Skip to content

v0.16.0

Compare
Choose a tag to compare
@OnlyDeniko OnlyDeniko released this 20 Mar 10:01
  • It was introduced the support of the dateframes from the polars package. This is available in the following modules: data (Dataset, SequenceTokenizer, SequentialDataset) for working with transformers, metrics, preprocessing and splitters. The new format allows to achieve multiple acceleration of calculations relative to the Pandas and PySpark dataframes. You can see more details about usage in the examples.
  • Removed dependencies on seaborn and matplotlib. Removed functions replay.utils.distributions.plot_item_dist and replay.utils.distributions.plot_user_dist.
  • Added functions to get and set embeddings in transformers - get_all_embeddings, set_item_embeddings_by_size, set_item_embeddings_by_tensor, append_item_embeddings. You can see more details about their use in the examples.
  • Added a QueryEmbeddingsPredictionCallback to get query embeddings at the inference stage in transformers. You can see more details about usage in the examples.
  • Added support for numerical features in SequenceTokenizer and TorchSequentialDataset. It becomes possible to use numerical features inside transformers.
  • Auto padding for inference stage of transformer-based models in a single-user mode is supported.
  • Added a new KL UСB model based on https://arxiv.org/pdf/1102.2490.pdf.
  • Added a callback to calculate cardinality in TensorSchema. Now it is not necessary to pass the cardinality parameter, the value will be calculated automatically.
  • Added the core_count parameter to replay.utils.session_handler.get_spark_session. If nothing is specified, the env variables REPLAY_SPARK_CORE_COUNT and REPLAY_SPARK_MEMORY are taken into account. If they are not specified, the value is set to -1.
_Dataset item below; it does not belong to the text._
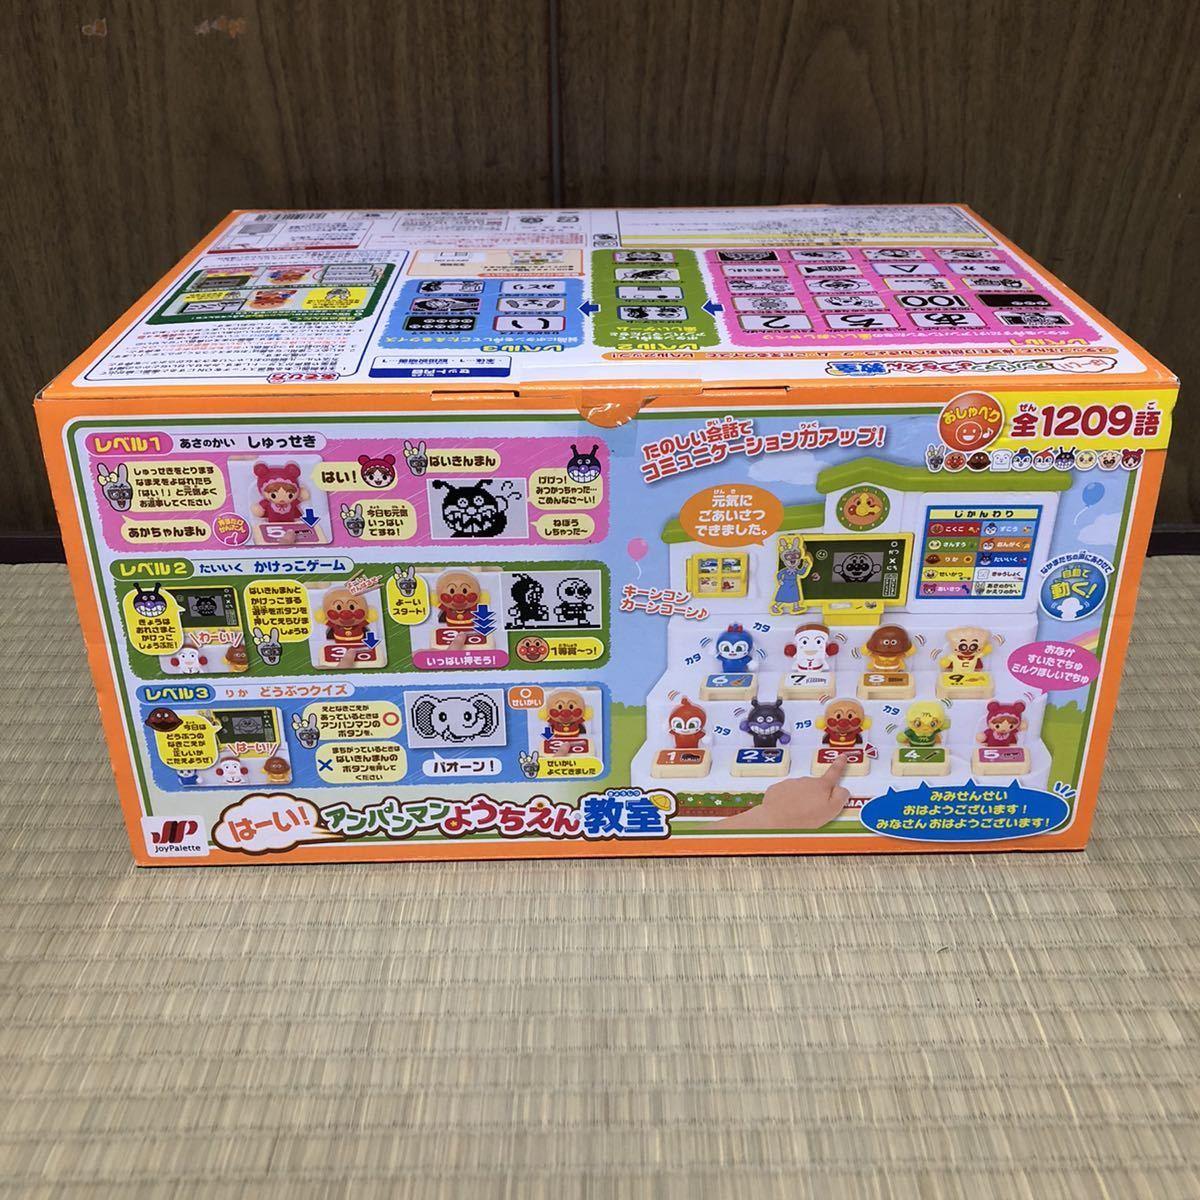 新品 アンパンマン ようちえん教室 知育玩具 幼稚園 保育園 幼児教育 おもちゃ プレゼント バイキンマン 食パンマン ドキンちゃん_画像4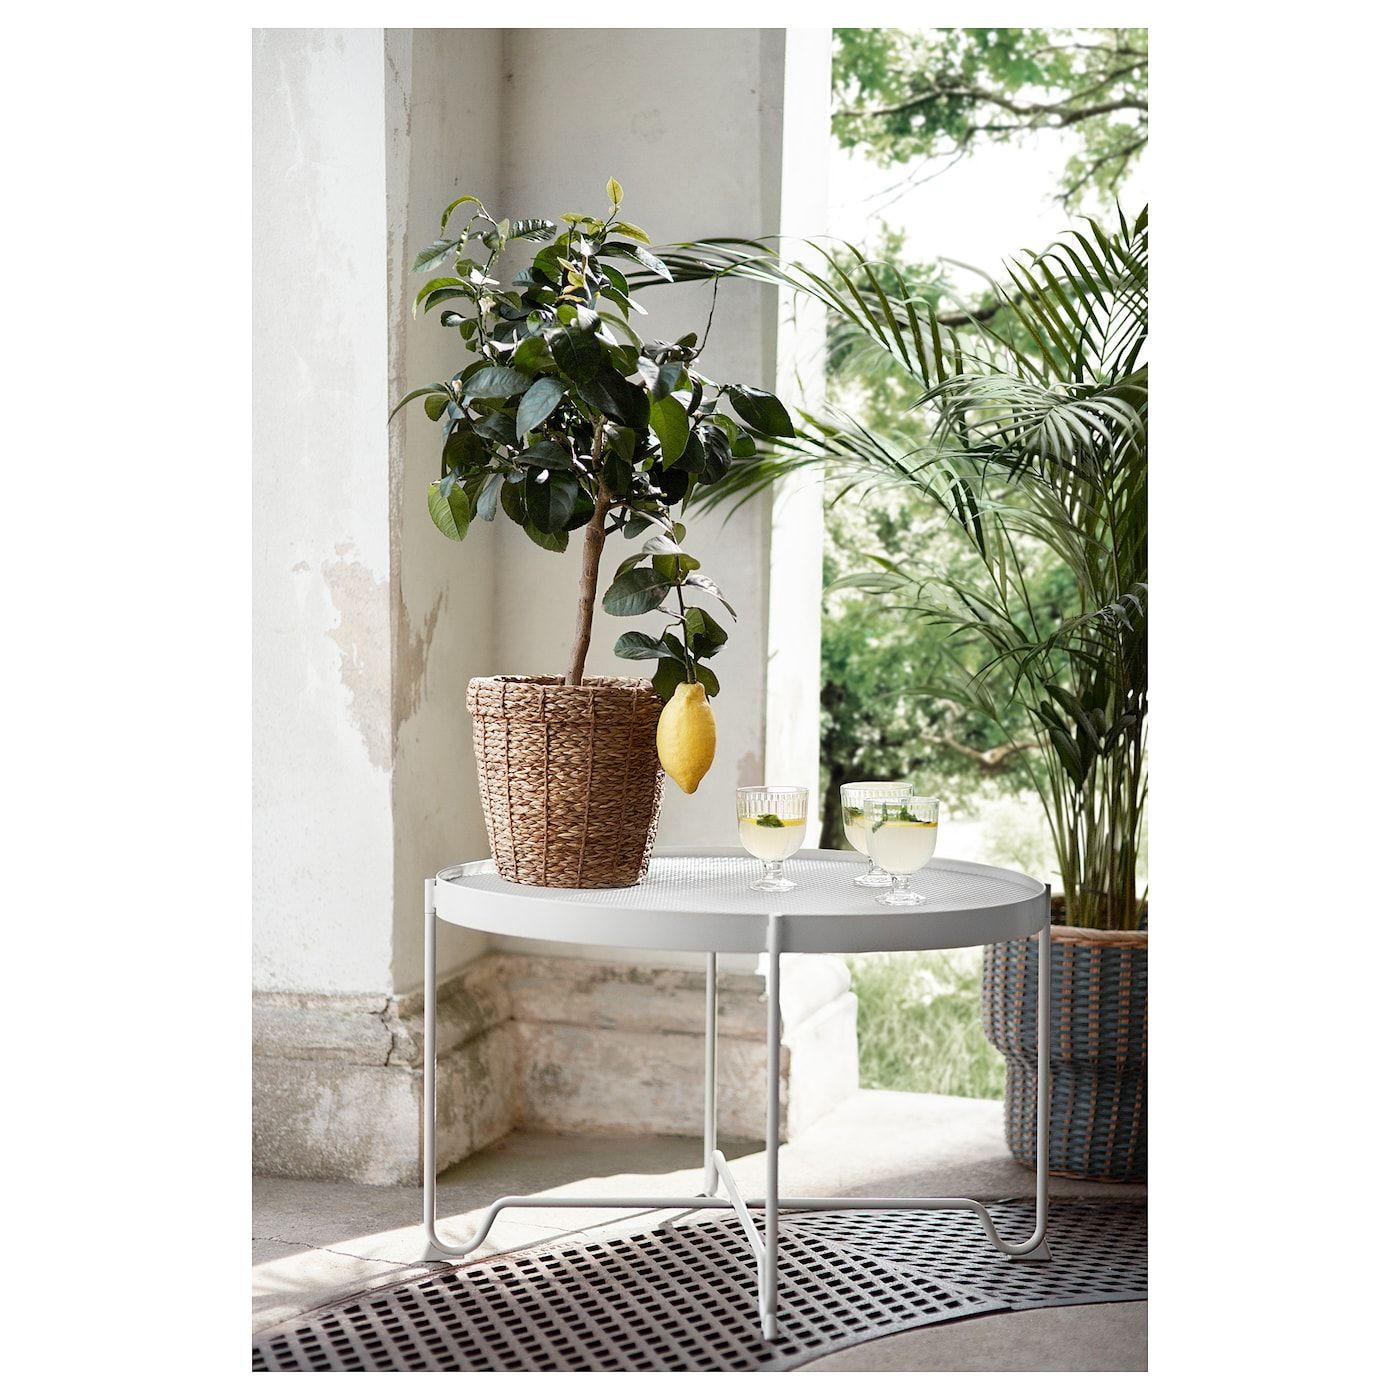 KROKHOLMEN Coffee table, outdoor, beige - IKEA  Modern outdoor

  • Corrected the behavior of the item_count parameter in ValidationMetricsCallback. If you are not going to calculate the Coverage metric, then you do not need to pass this parameter.
  • The calculation of the Coverage metric on Pandas and PySpark has been aligned.
  • Removed conversion from PySpark to Pandas in some models. Added the allow_collect_to_master parameter, False by default.
  • 100% test coverage has been achieved.
  • Undetectable type correction during fit in LabelEncoder. The problem occurred when using multiple tuples with null values.
  • Changes in the experimental part:
    • Python 3.10 is supported
    • Interface updates due to the d3rlpy version update
    • Adding a DesicionTransformer